February 01, 2001|By RUDY YNIGUEZ, Staff Writer

Proponents of stringing ropes and buoys across the All-American Canal to help minimize drownings said they will continue their efforts until successful.

San Diego businessman John Hunter said the project depends on getting support from the Imperial Irrigation District Board of Directors.

"What will push us over the top will be three to four calls a day to IID directors," he said.

The issue has been discussed with the IID board, but the board has not taken any formal action, deferring to the U.S. Bureau of Reclamation. A meeting among the project's proponents, an IID study group and Reclamation is set for Feb. 8 to discuss the issue.

In a Nov. 27 letter from Reclamation to the IID, the Reclamation area manager says discussion with the U.S. Border Patrol and a reclamation safety officer indicate "the buoys would encourage more people to cross with the likelihood of having more deaths and their overall usefulness would be minimal."


Said Hunter of the use of ropes and buoys at a Project for Immigrant Lives Task Force meeting Wednesday in El Centro: "I believe in strong border controls also, I just don't think people should drown if they get across."

Under Hunter's proposal, ropes and buoys would be strung every mile along the All-American Canal for 80 miles similar to those the IID already has in place. He said numerous alternatives to ropes and buoys were considered.

"We looked at these options and compared them to our preferred solution. Our preferred solution is just ropes and buoys," Hunter said. The estimated cost of the ropes would be $92,000, or $1,150 each. Hunter said volunteers would install the ropes and buoys in three to four weeks' time.

"It's really a piece of cake to put these together," he said.

Other alternatives included search lights and cameras at an estimated cost of $3 million; a fence, estimated at $20 million; and an infrared camera and monitoring system, estimated at $5 million. These alternatives would require one to three years to install in addition to substantial amounts of electricity, maintenance and an environmental assessment.

Despite the ease and low cost of the proposal, Hunter said he expects continued resistance from the IID because of the pressure the IID board is under from outside sources, though eventually the IID will agree to the plan.

Part of the problem, Hunter said, is that some people think the ropes will make the crossings of people from Mexico into the United States easier.

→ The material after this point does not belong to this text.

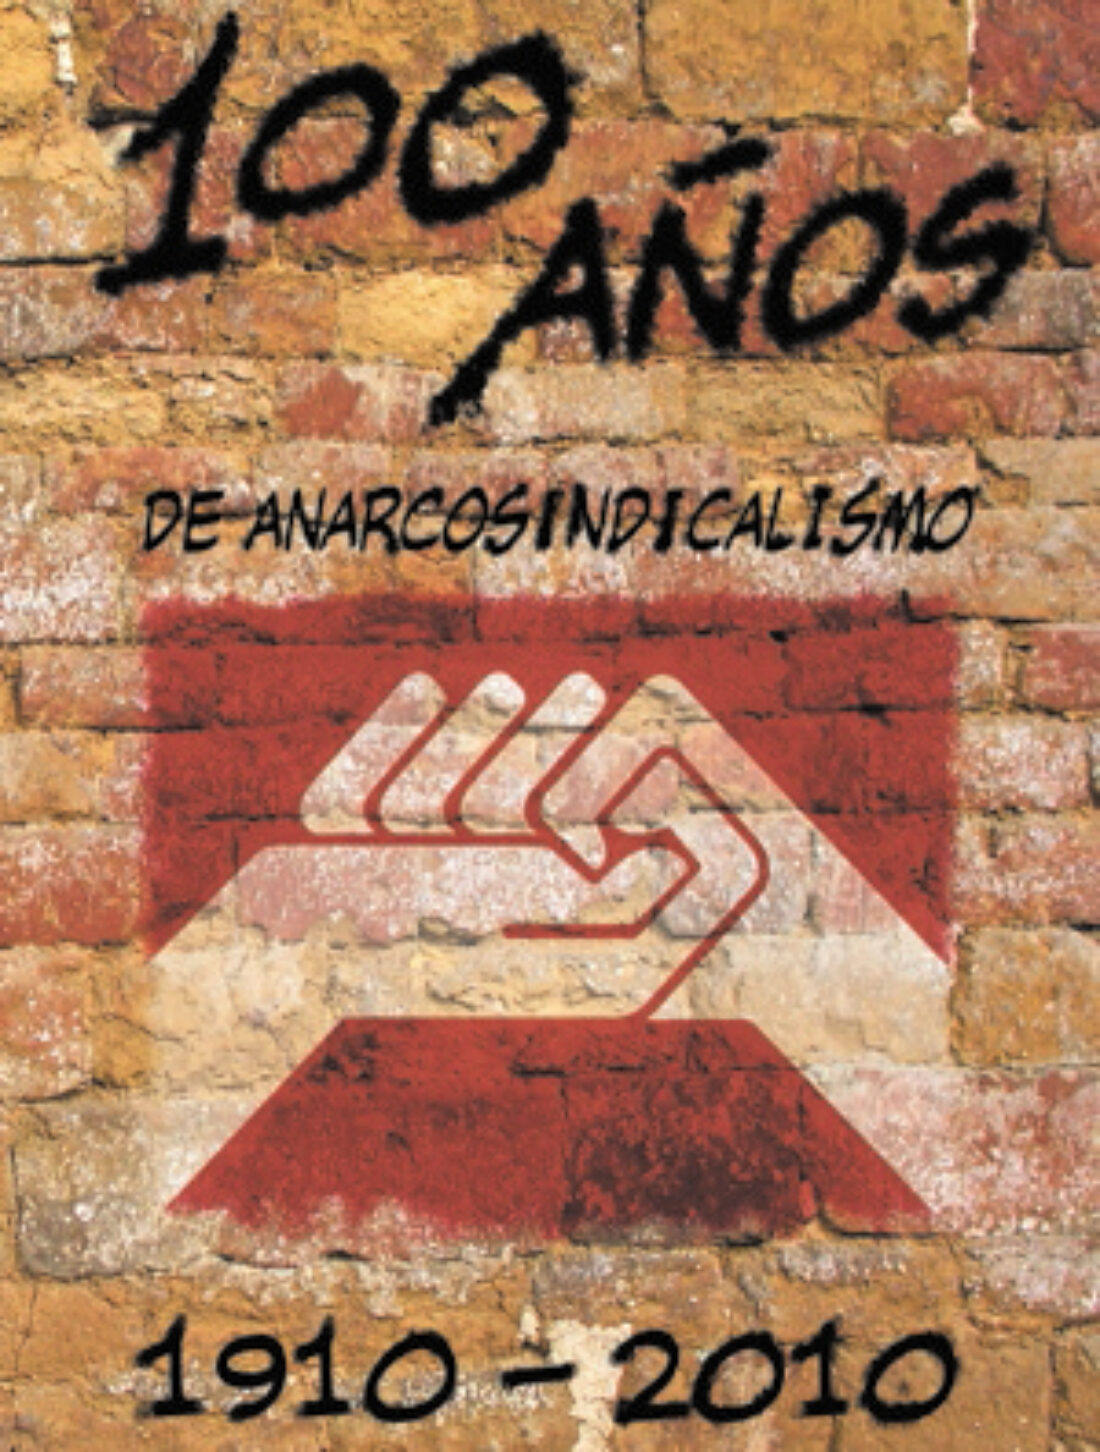 El 15 de febrero cierra la exposición 100 años del Anarcosindicalismo en Barcelona

El Centro City Councilman David Dhillon said some people erroneously believe drug trafficking will increase also.

Separately, San Diego businessman Bob Beken gave an update on an emergency communications device called Rescue that would be dropped from a helicopter onto the desert floor. When activated, it would send a signal to an already in-place satellite system that would automatically upload specific information onto a World Wide Web site. That information would be used to locate a person in need of help.

"The purpose of these things is only to call for help and give you a second chance to see your family again," he said.

Beken said the company will file an application with the U.S. Bureau of Land Management to install the devices in the local desert.

BLM realty specialist Lynda Kastoll said BLM would have to perform environmental analyses of each of the proposed locations of the device before they could be placed in the desert.

Because such detailed information would be needed, Beken said it would be more costly to install the $4,000 devices due to having to install them using a telephone pole installation truck instead of dropping them by helicopter.

The 1,500 pound, 12-foot-long devices penetrate the ground four to six feet so that they cannot be removed and are made of one inch-thick HY-80 steel, a high-yield steel used to make U.S. nuclear submarine hulls.

In other reports, Kerry Anderson, assistant Border Patrol El Centro sector chief, said apprehensions of illegal aliens are down by 9 percent this fiscal year compared to the same time last year. He said there have been nine rescues, including two in water, two in motor vehicles and three listed as "other" for the fiscal year to-date. Also there have been 18 deaths, including five drownings, six in motor vehicles, two listed as unknown causes and five listed as other.

"It's up over last year, but that is mainly due to motor vehicle accidents," Anderson said.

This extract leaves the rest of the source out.